Task
Scan the records below for the line with "19th Century W." and the line with "Ausschnitt aus dem". Repeat those two lines and every line between them exactly, and nothing else.

Material provided
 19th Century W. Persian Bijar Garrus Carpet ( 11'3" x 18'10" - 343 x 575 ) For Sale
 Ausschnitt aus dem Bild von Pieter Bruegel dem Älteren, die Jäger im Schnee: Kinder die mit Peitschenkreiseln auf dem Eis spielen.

---

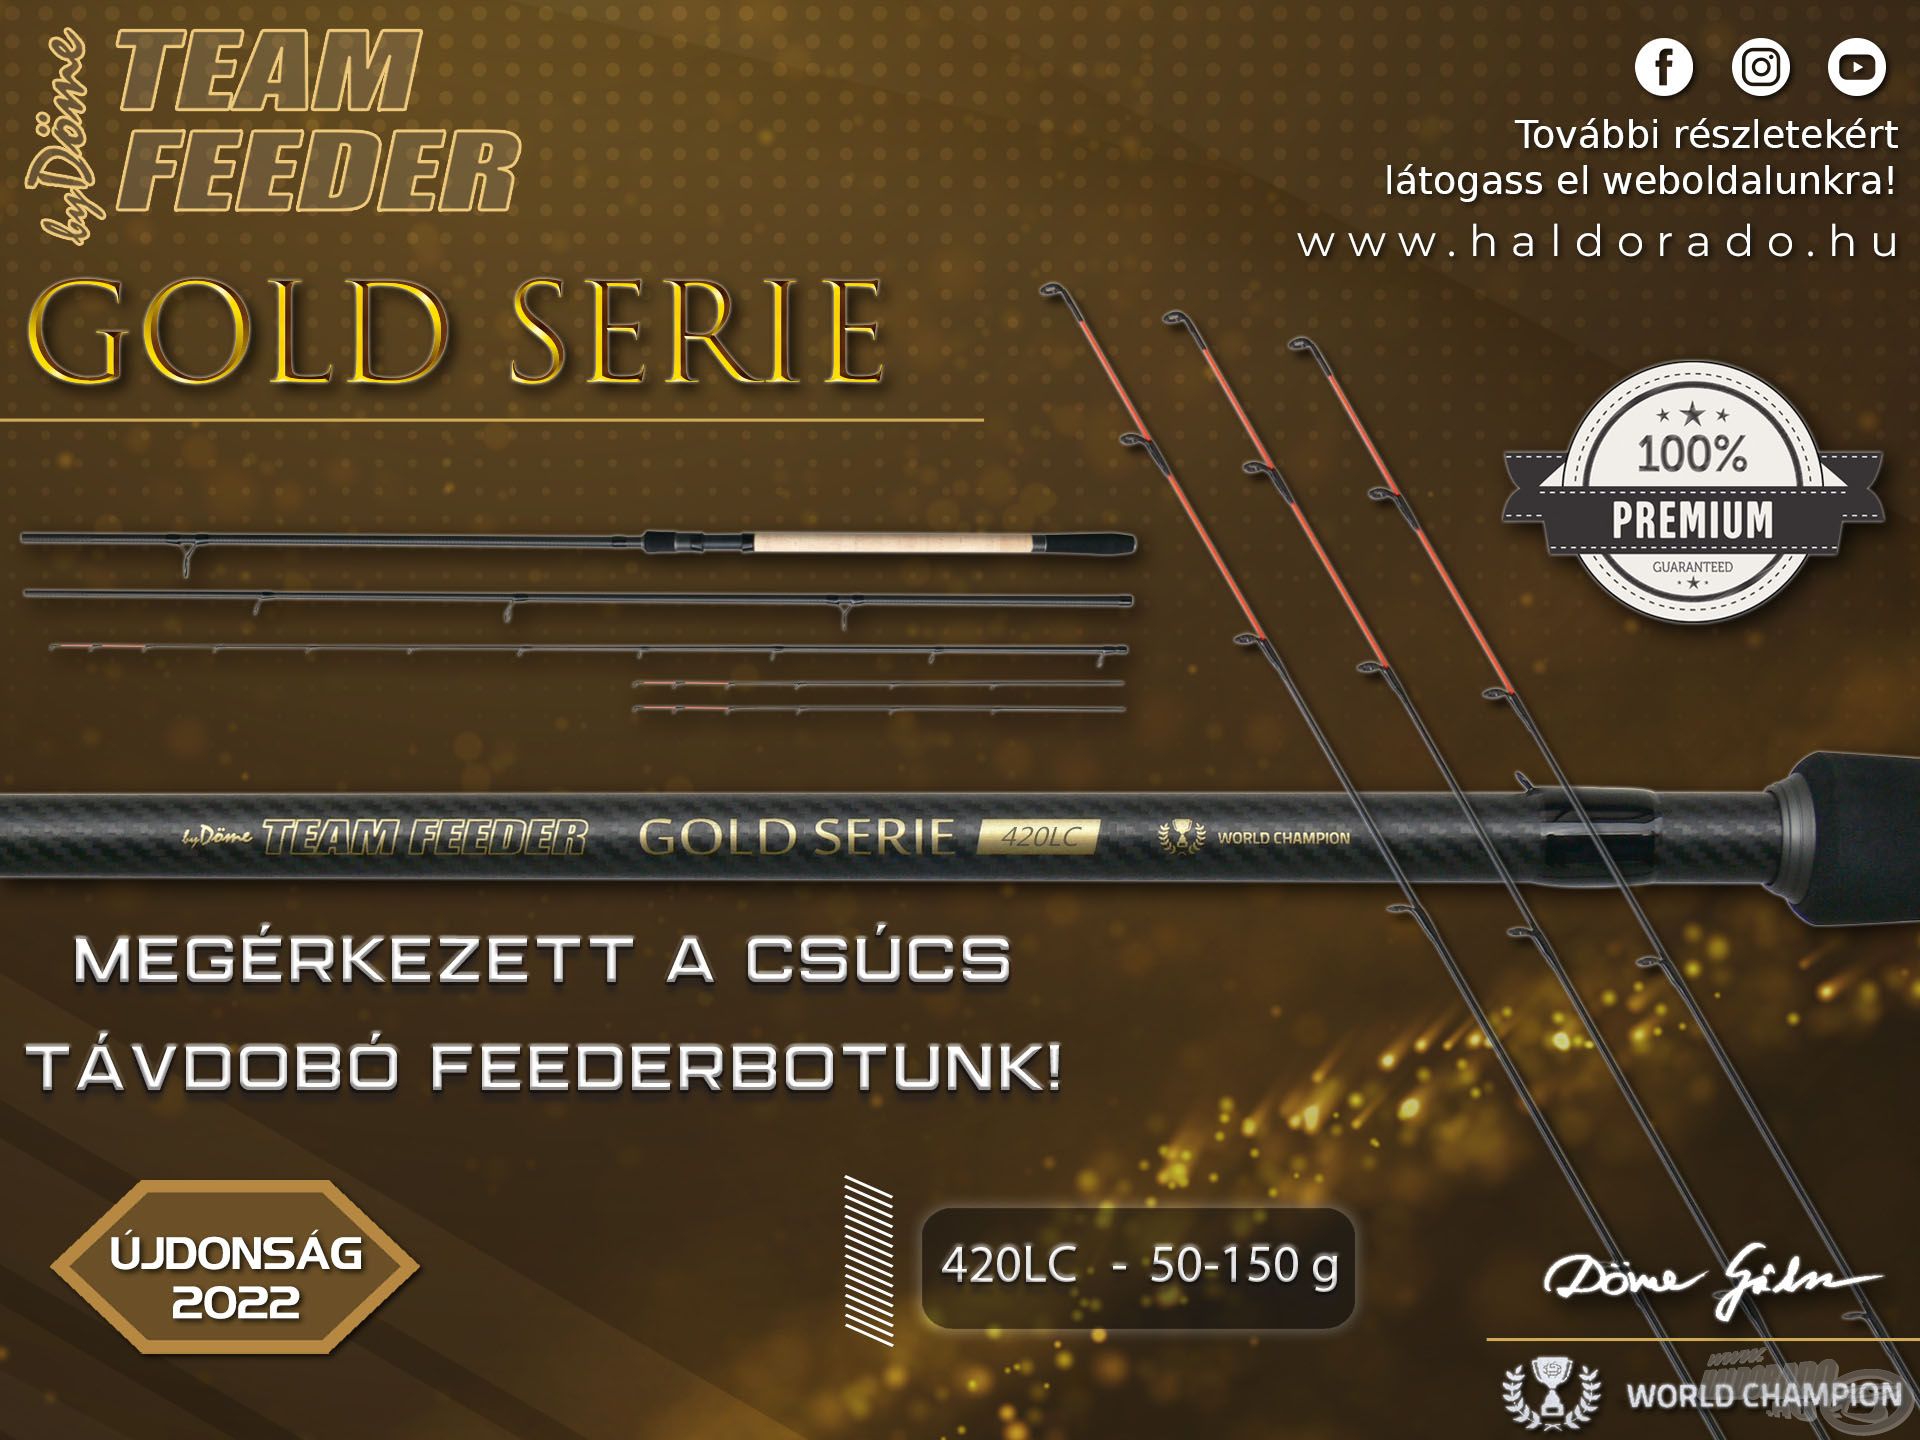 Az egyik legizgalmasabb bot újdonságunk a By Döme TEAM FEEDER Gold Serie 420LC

...

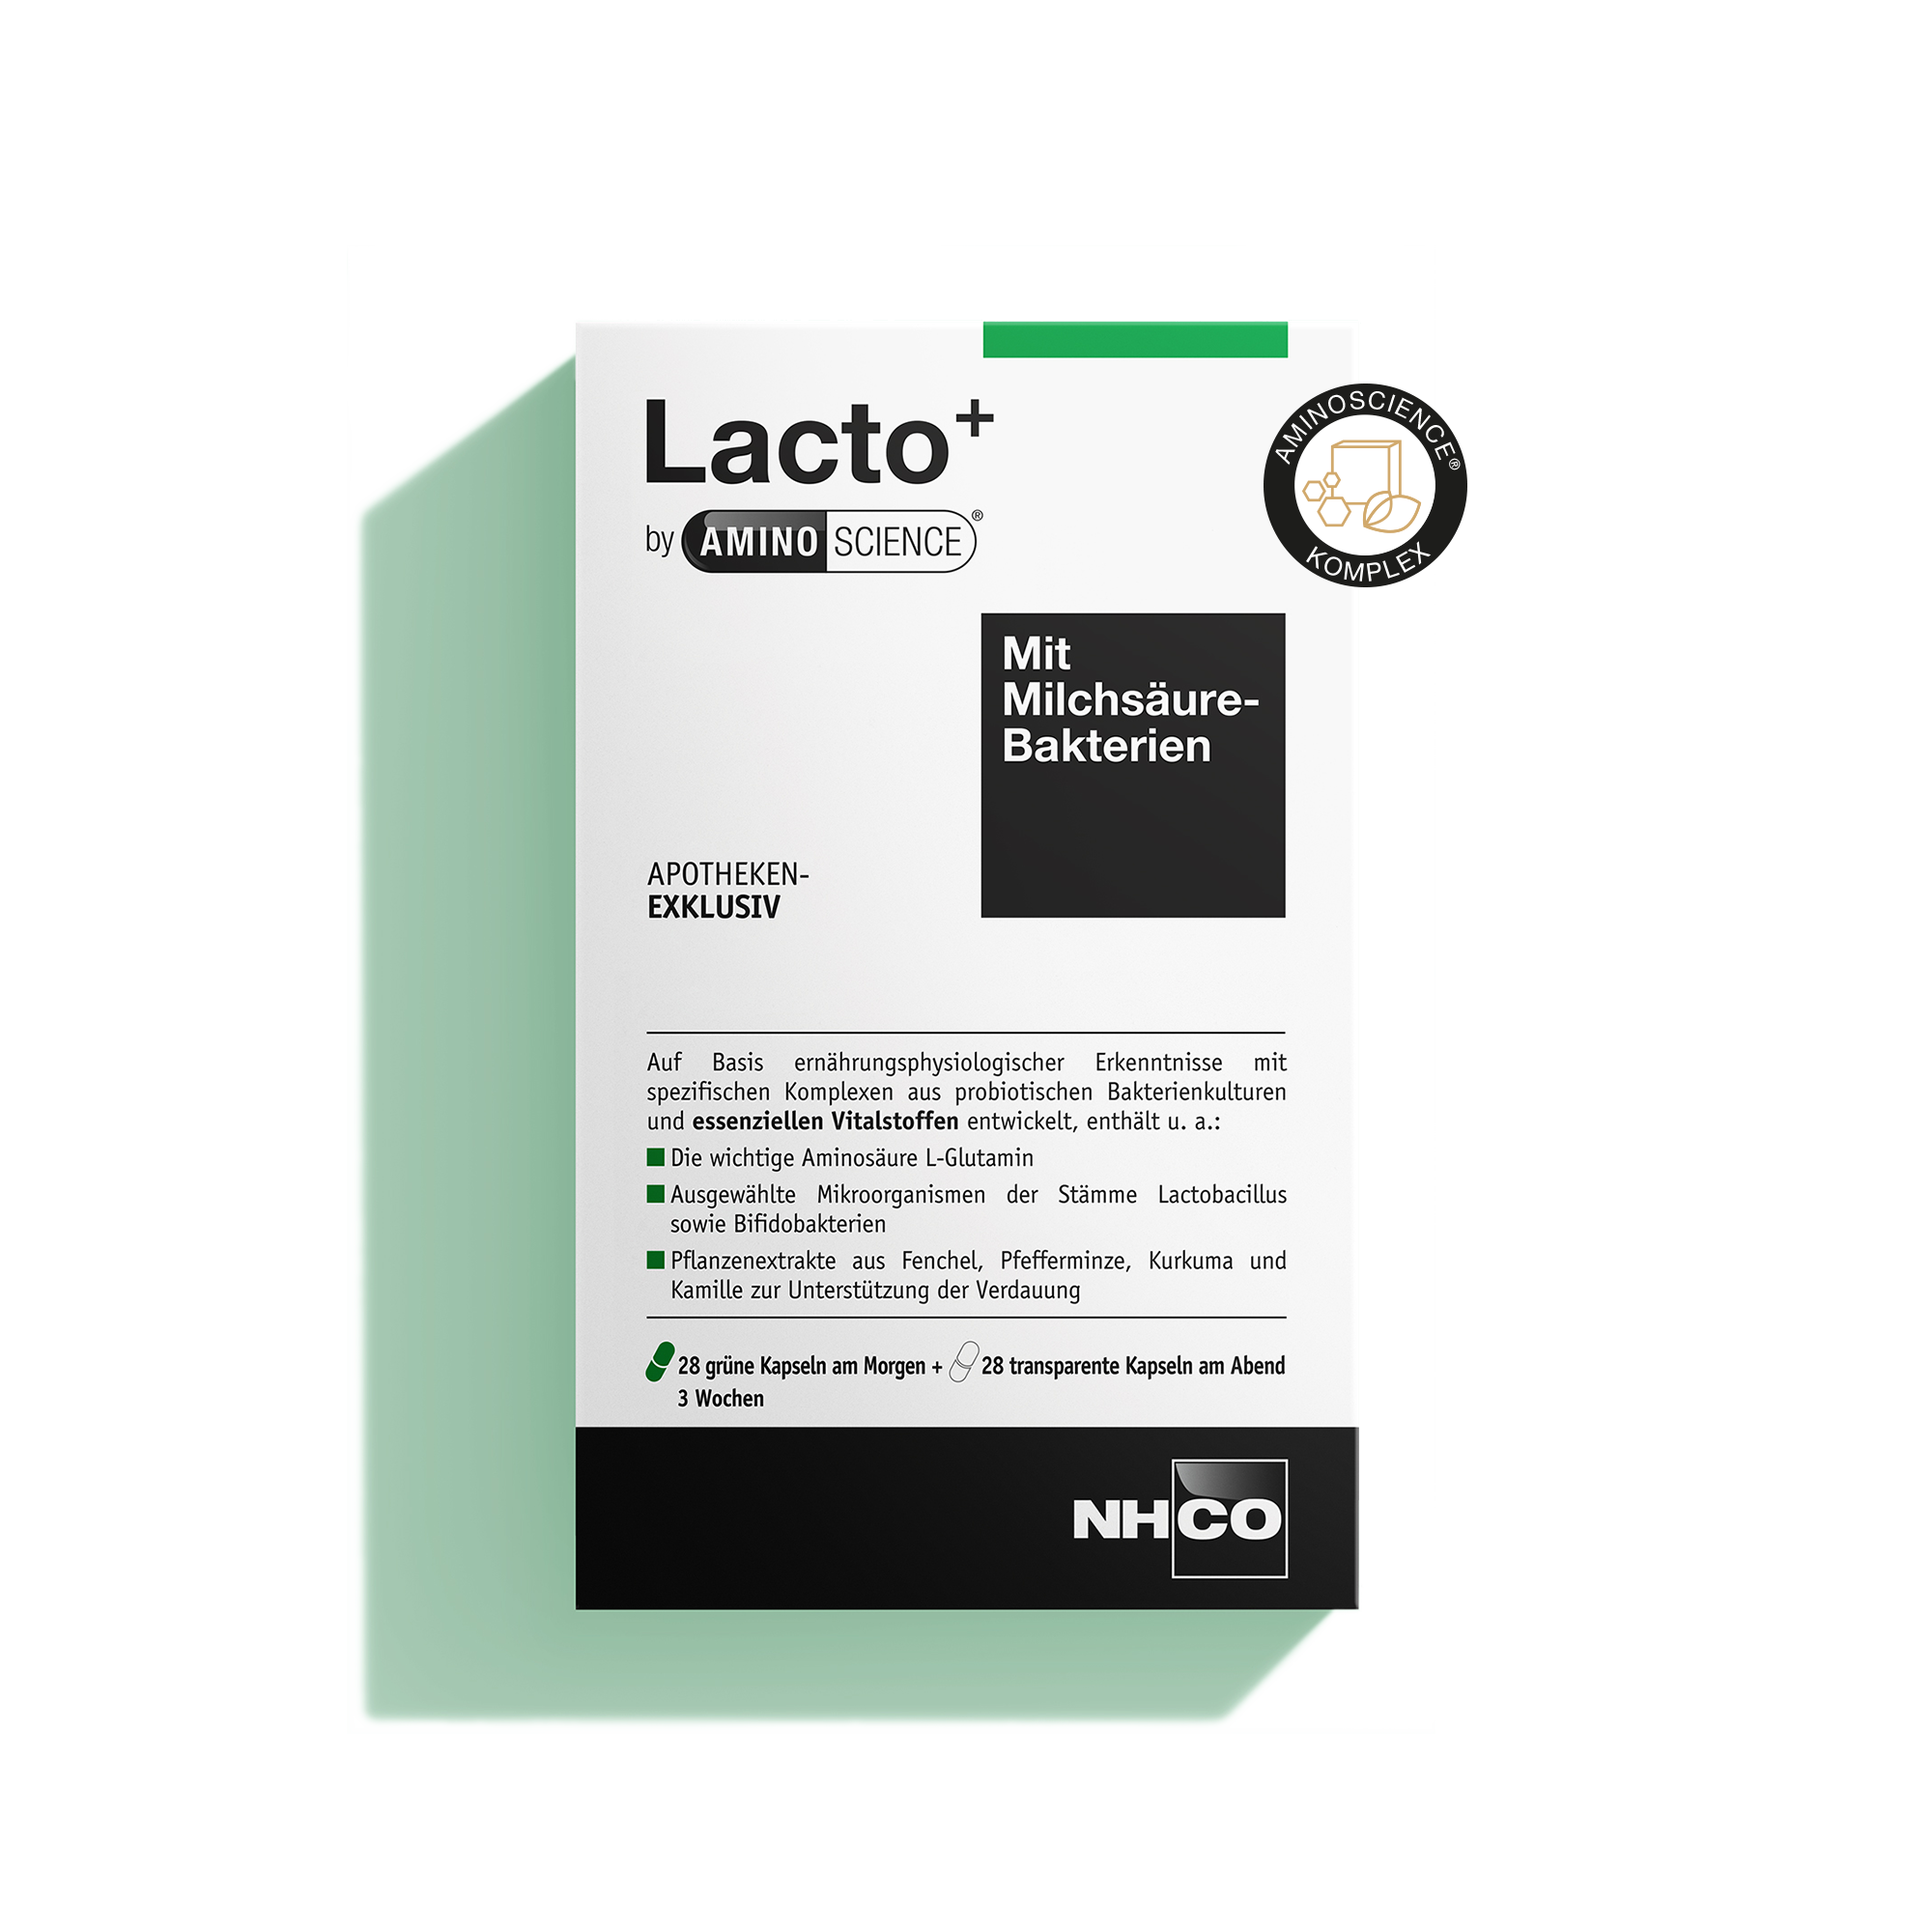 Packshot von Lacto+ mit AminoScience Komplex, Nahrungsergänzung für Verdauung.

Reply to the task
 19th Century W. Persian Bijar Garrus Carpet ( 11'3" x 18'10" - 343 x 575 ) For Sale
 Ausschnitt aus dem Bild von Pieter Bruegel dem Älteren, die Jäger im Schnee: Kinder die mit Peitschenkreiseln auf dem Eis spielen.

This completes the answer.